The Yankees and Red Sox offers must really have petered out in the end, because the Mets’ package here is nothing the team will really miss in the short run and none of the people you would have rated most highly in the long run: Carlos Gomez, Phil Humber, and pitchers Deolis Guerra and Kevin Mulvey, rated by minor league guru John Sickels as the #2, 3, 4 & 7 prospects in the Mets system. No Wright or Reyes, no Pelfrey, no Fernando Martinez (the #1 prospect). Obviously, no Milledge. Not even Dan Norman. Looks like highway robbery to me.

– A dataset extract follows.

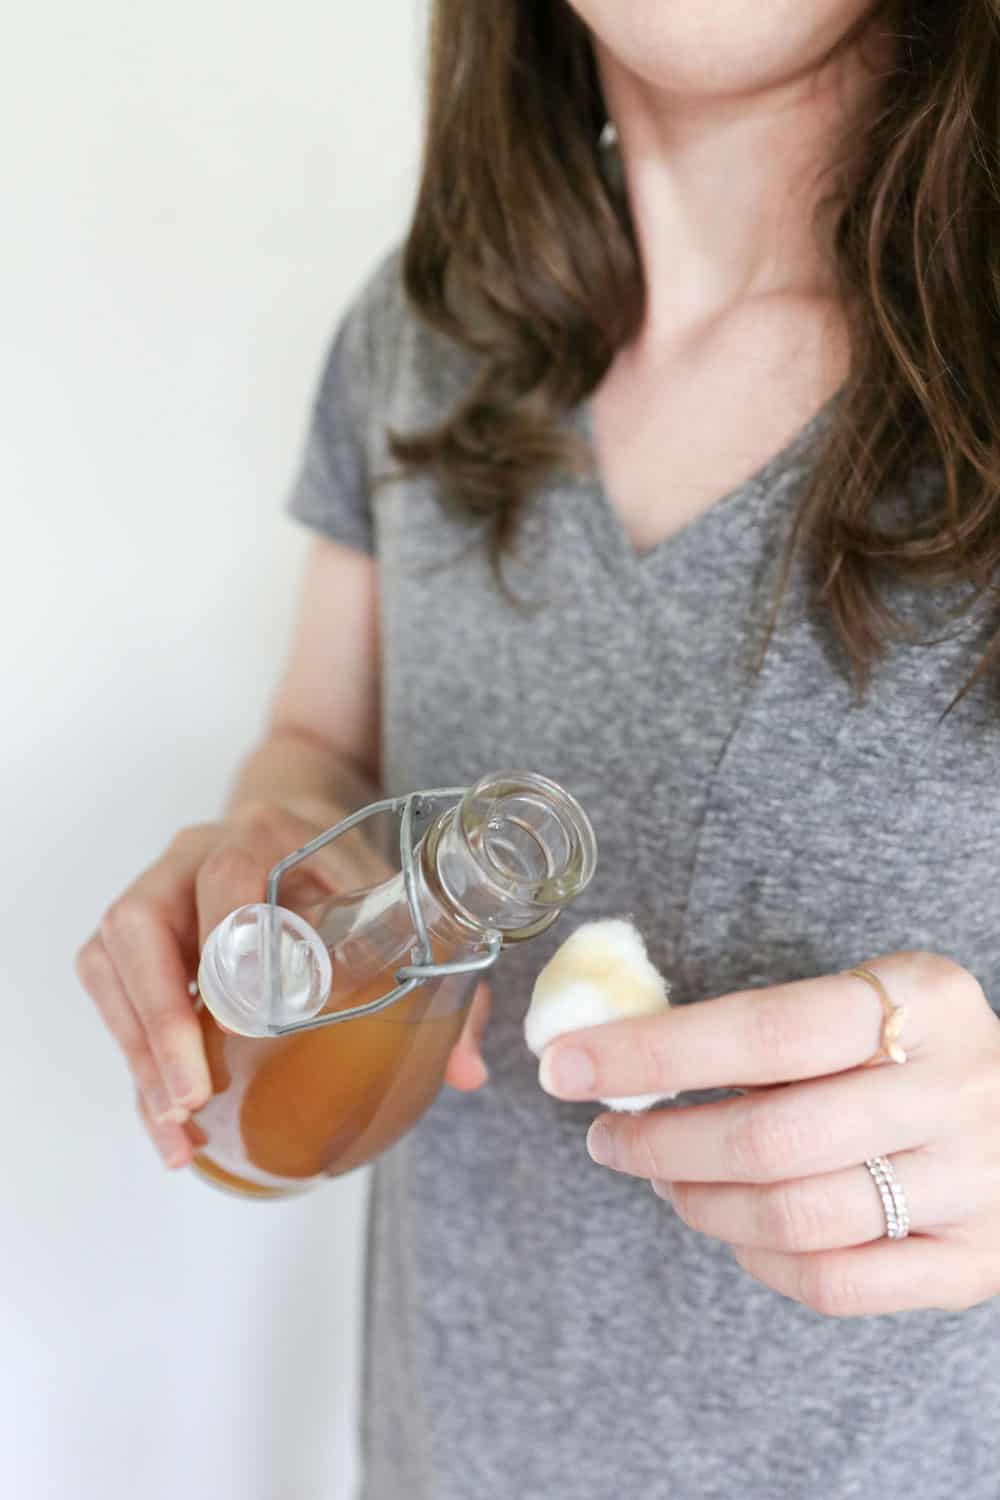 6 Ways to Use Apple Cider Vinegar for Acne

22-year-old Gomez (minor league numbers here) is young, got a taste of the big leages and is blindingly fast, perhaps the fastest man in the game, thus resolving the issue of whether the Twins were going to need to stick Mike Cuddyer in center to replace Torii Hunter. But while Gomez is too young to be sure if he will hit with authority in the future, right now he seems more like the next Endy Chavez, and certainly not the kind of player you ever regret dealing for the best pitcher in baseball.
25-year-old Humber (MLB numbers here) is a legit if unspectacular prospect a year removed from arm surgery. My guess is, if Twins fans expect him to be the next Kevin Tapani, they may have a pretty good idea of what is coming.
23-year-old Mulvey is a well-regarded prospect, also not a huge strikeout pitcher but in 164.2 innings at AA he has issued 43 walks and allowed just 5 homers. Sickels has a writeup of Mulvey here (he throws mostly in the low 90s).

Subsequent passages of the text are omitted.